Monday, August 24, 2015

Childcare does not lead to aggression and can improve behaviour, according to new research.

A study of 1,000 Norwegian pre-school children, that surveyed children attending daycare at various ages, found that the amount of time children spend in daycare has little impact on children’s aggressive behaviour.

The debate over whether daycare leads to behavioural problems has raged among academics for more than 30 years.

Since the 1980s, when women increasingly started to return to work after giving birth, some child development experts have warned that daycare can affect children’s social and emotional development.

Academics such as Professor Jay Belsky have argued that early childcare can pose a developmental risk for aggression and other problems.

Longitudinal studies that started in the 1990s  - such as the NICHD Early Child Care Research Network - have suggested that long amounts of time in any form of non-maternal care during a child’s early years increase the risk for aggression and other problems.

Psychological scientist associate professor Eric Dearing from Boston College, lead author of the study, said, ‘Three decades of follow-up studies have only further fueled this debate.

‘While some studies indicate that beginning care early in life and attending for long hours leads to high levels of behavior problems, such as elevated aggression, other studies indicate no risk associated with child care.’

Professor Dearing and colleagues from the Norwegian Centre for Child Behavioural Development at the University of Oslo, Henrik Daae Zachrisson and Ane Nærde, followed 939 children from six months to four years attending Early Childhood Education and Care centres.

In Norway most parents have up to a year of parental leave and children enroll in childcare in August, but start at different ages depending on when they were born.

The researchers used this as ‘a natural randomizer’, because a child’s birth month, rather than their parents’ preferences, determined when they would start daycare. So, for example, a child born in August would start at 12 months, but a child born in February would be 18 months old at the time of the August enrollment.

Researchers interviewed parents about their child’s time in daycare at six months and then at one, two, three and four years of age.

Each year the child’s daycare provider would report on signs of aggressive behaviours, such as biting, hitting, pulling hair, pinching and pushing, whether towards other children or adults.

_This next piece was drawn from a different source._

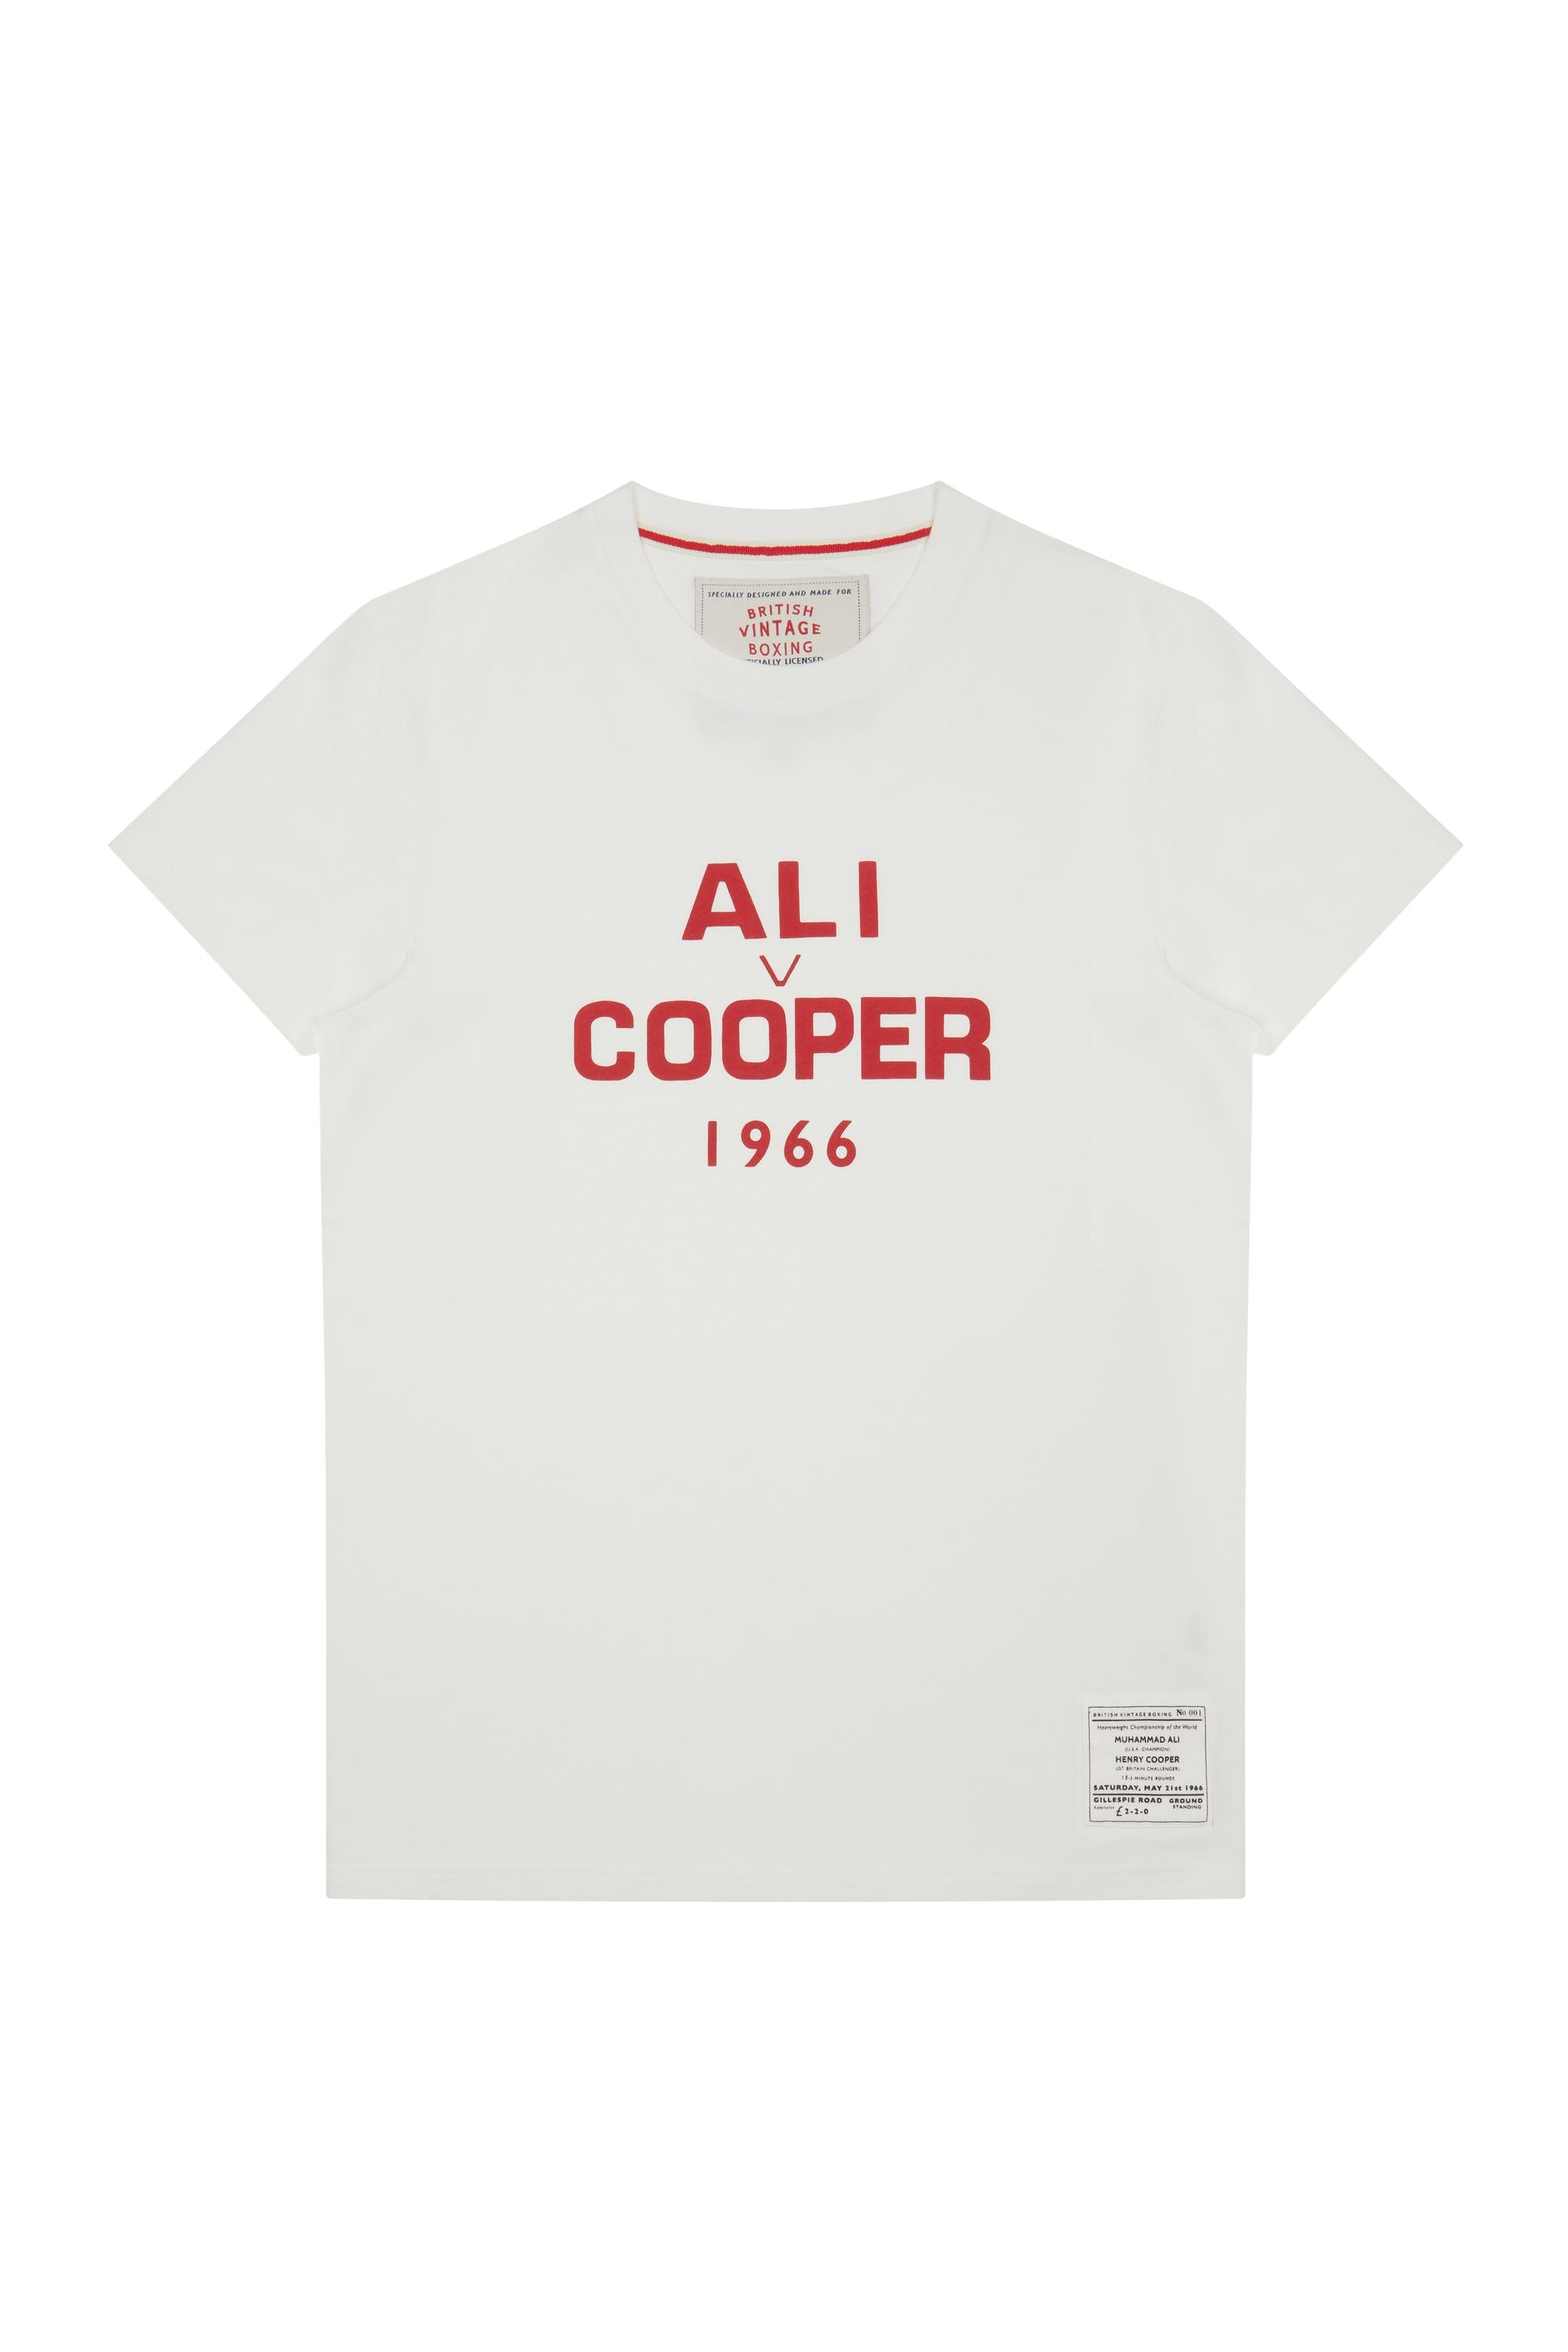 BROUGHTON ALI VS COOPER 1966 T-SHIRT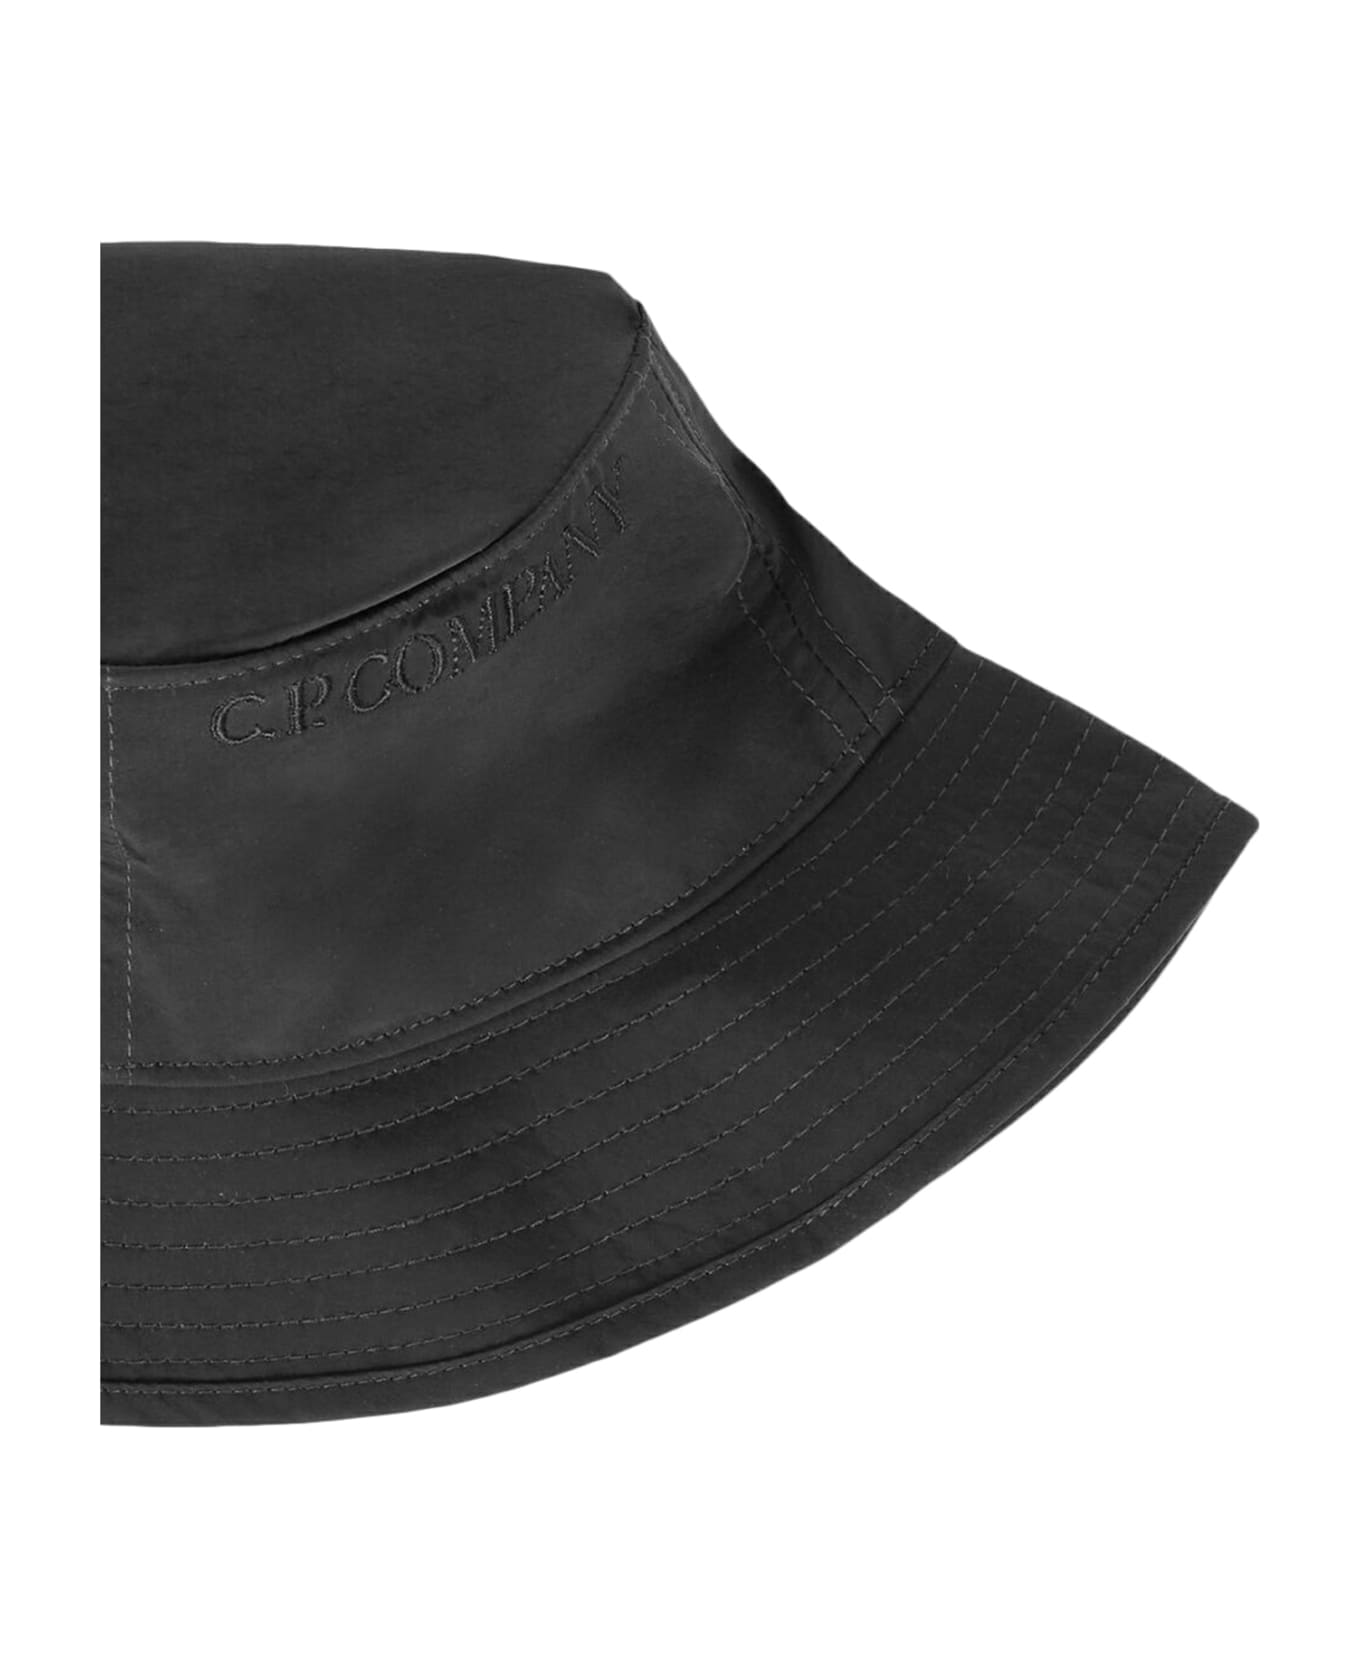 C.P. Company Bucket Hat - Black

When the children were two-years-old, those who had entered at earlier ages displayed modestly higher levels of aggression than peers who entered later. But, importantly the researchers say, these differences in physical aggression diminished over time - regardless of how much time children spent in daycare.

The authors concluded, ‘If early, extensive, and continuous non-parental care does, in fact, cause high levels of aggression in children, this study suggests that one-year of parental leave, and entry into high-quality center care thereafter, may help prevent such an outcome.’

In fact, spending time with other adults actually improved behaviour.

Professor Dearing said, ‘One surprising finding was that the longer children were in non-parental care, the smaller the effects on aggression became.’

‘At age two, there was some evidence of small effects of early, extensive, and continuous care on aggression,’ Professor Dearing added. ‘Yet, by age four - when these children had been in childcare for two additional years  - there were no measurable effects of childcare in any of our statistical models. This is the opposite of what one would expect if continuous care was risky for young children.’

  • ‘Age of entry into early childhood education and care as a predictor of aggression: faint and fading associations for young Norwegian children’ is published in Psychological Science.